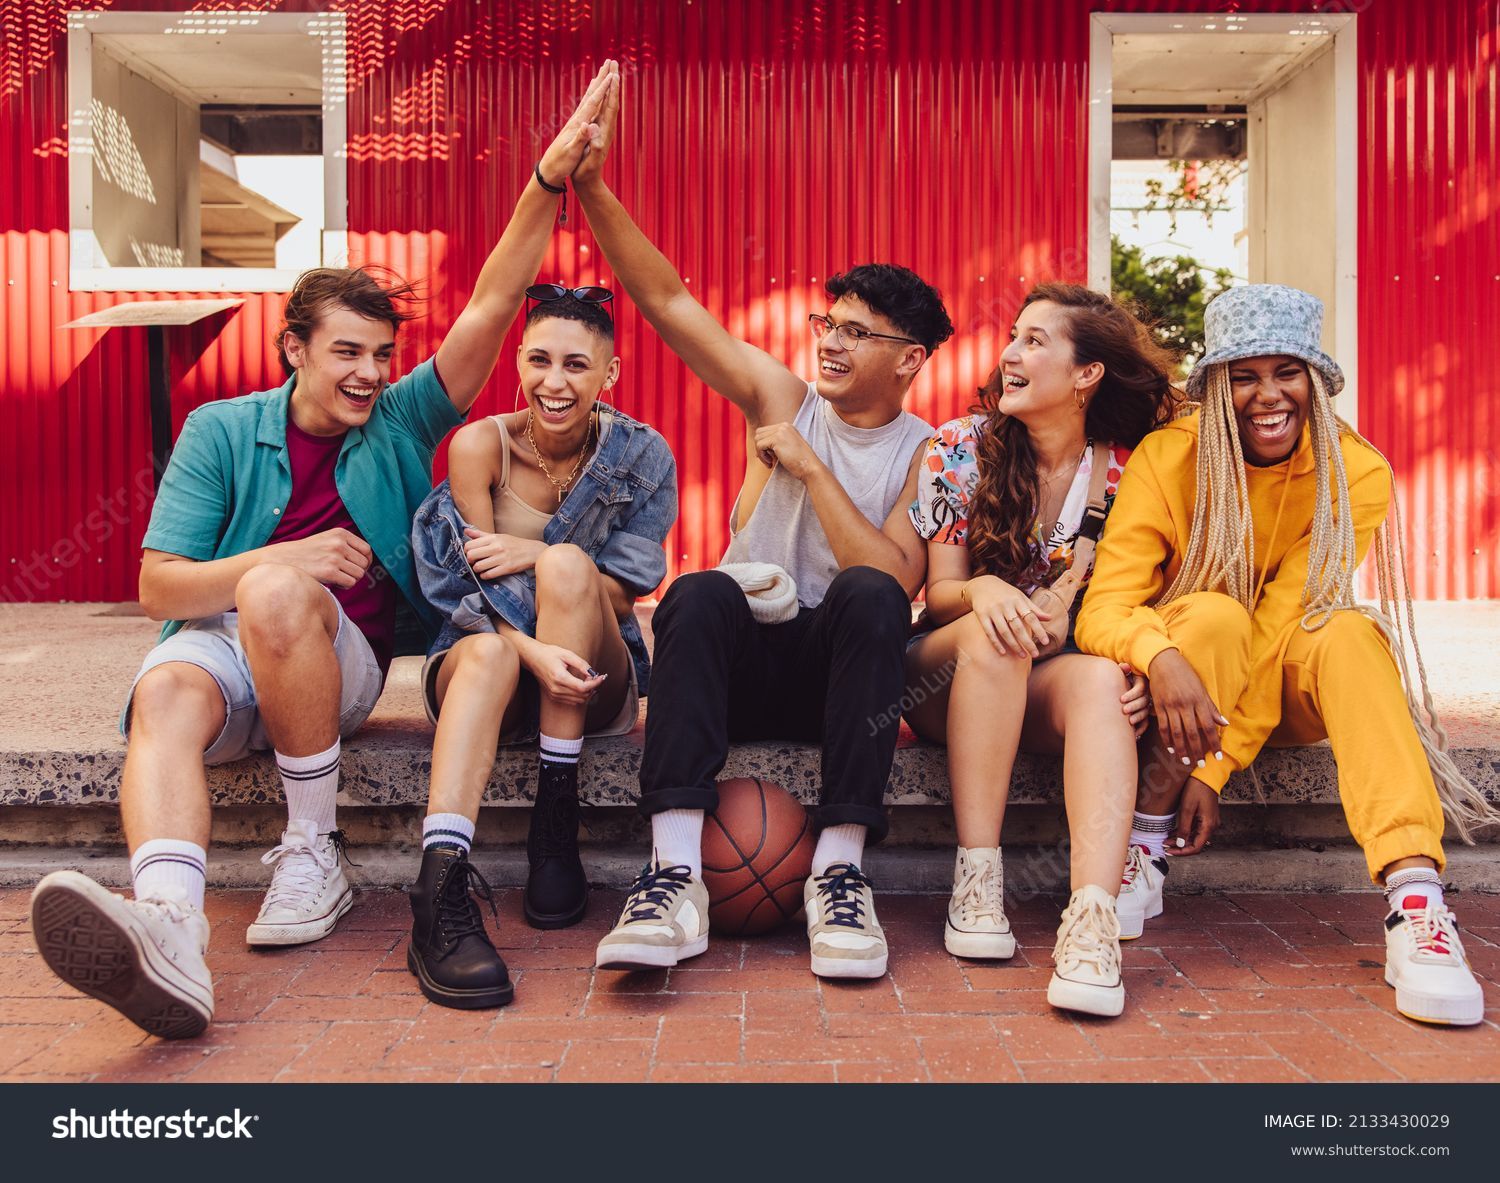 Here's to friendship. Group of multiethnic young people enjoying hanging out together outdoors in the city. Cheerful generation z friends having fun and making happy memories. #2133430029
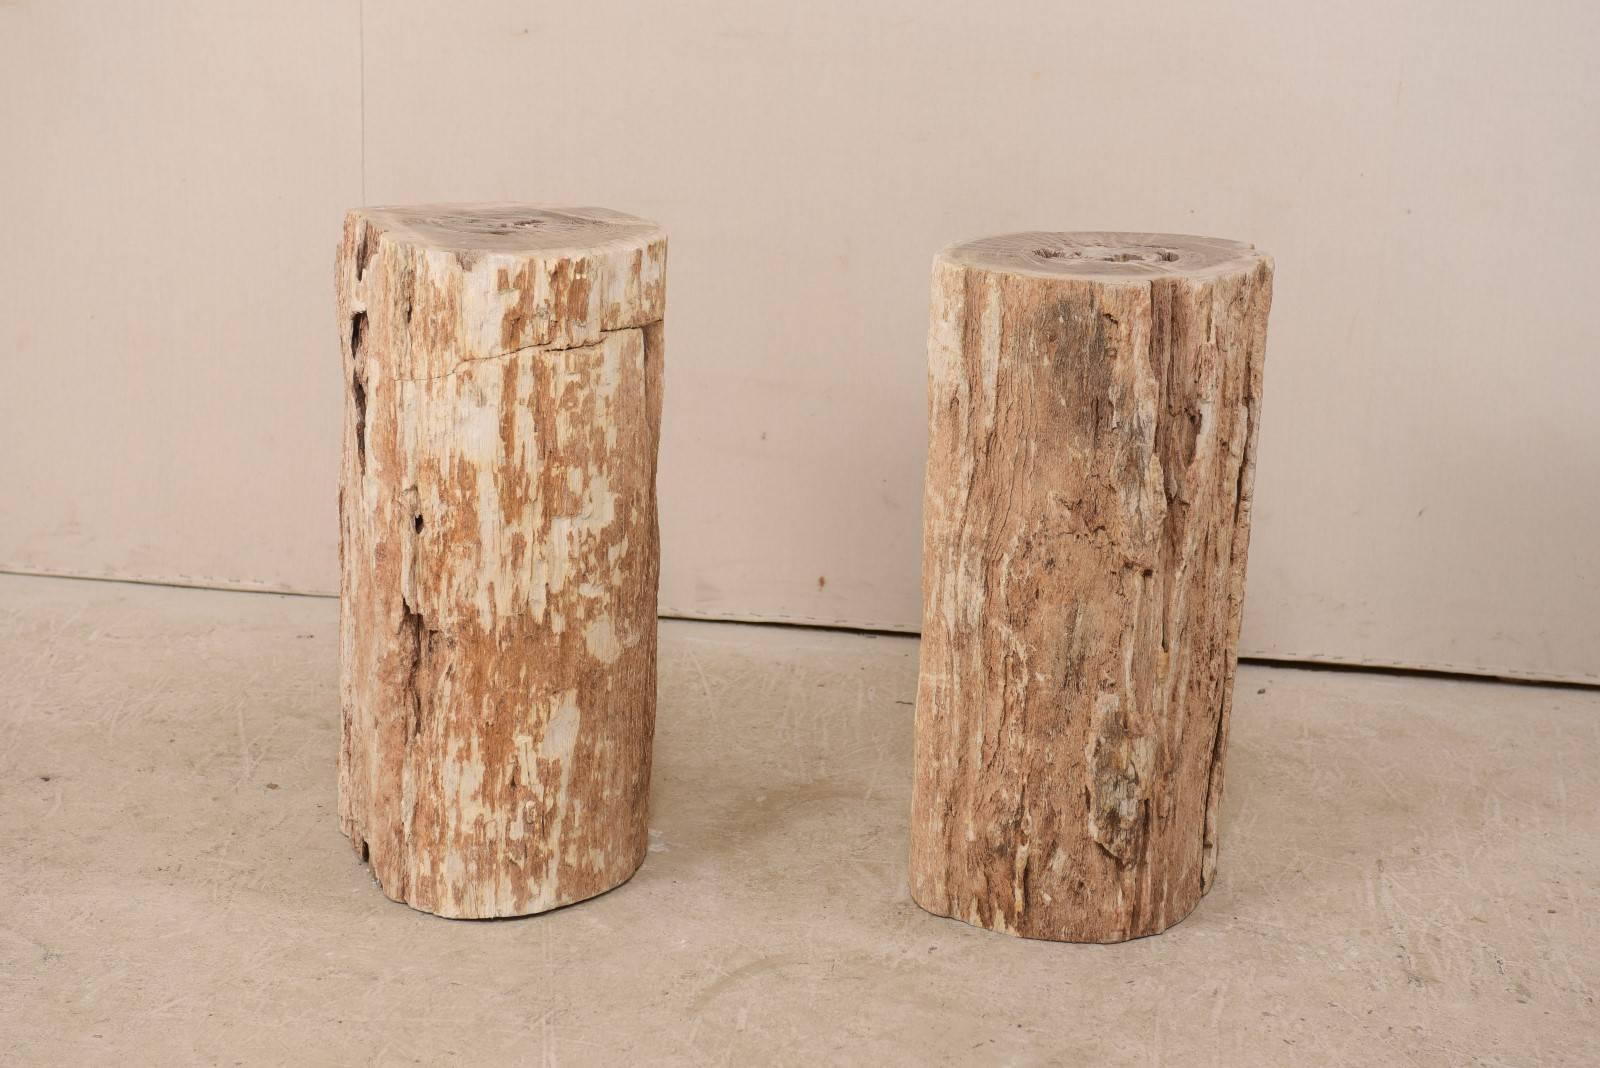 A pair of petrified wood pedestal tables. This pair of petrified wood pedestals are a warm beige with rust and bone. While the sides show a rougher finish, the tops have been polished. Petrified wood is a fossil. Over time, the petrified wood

--------------------------------------------------

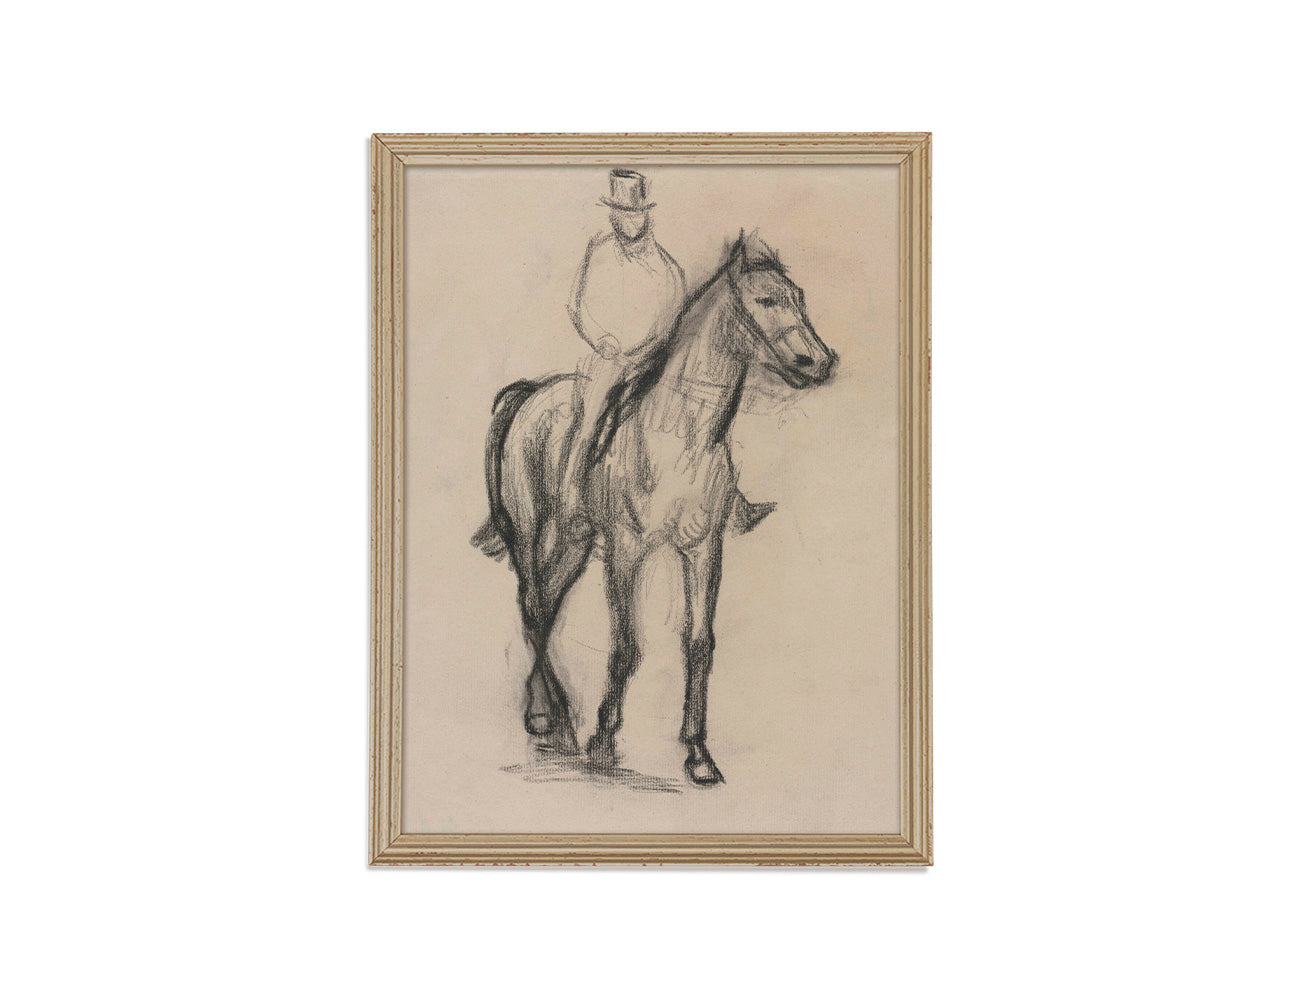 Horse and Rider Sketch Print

--------------------------------------------------

PROBLEM REQUIREMENTS:
Every line above from the one with "Here's to friendship." down to the one with "A pair of petrified" must be written out exactly, and no picture may appear.

COMPLETED TASK:
 Here's to friendship. Group of multiethnic young people enjoying hanging out together outdoors in the city. Cheerful generation z friends having fun and making happy memories. #2133430029
 A pair of petrified wood pedestal tables. This pair of petrified wood pedestals are a warm beige with rust and bone. While the sides show a rougher finish, the tops have been polished. Petrified wood is a fossil. Over time, the petrified wood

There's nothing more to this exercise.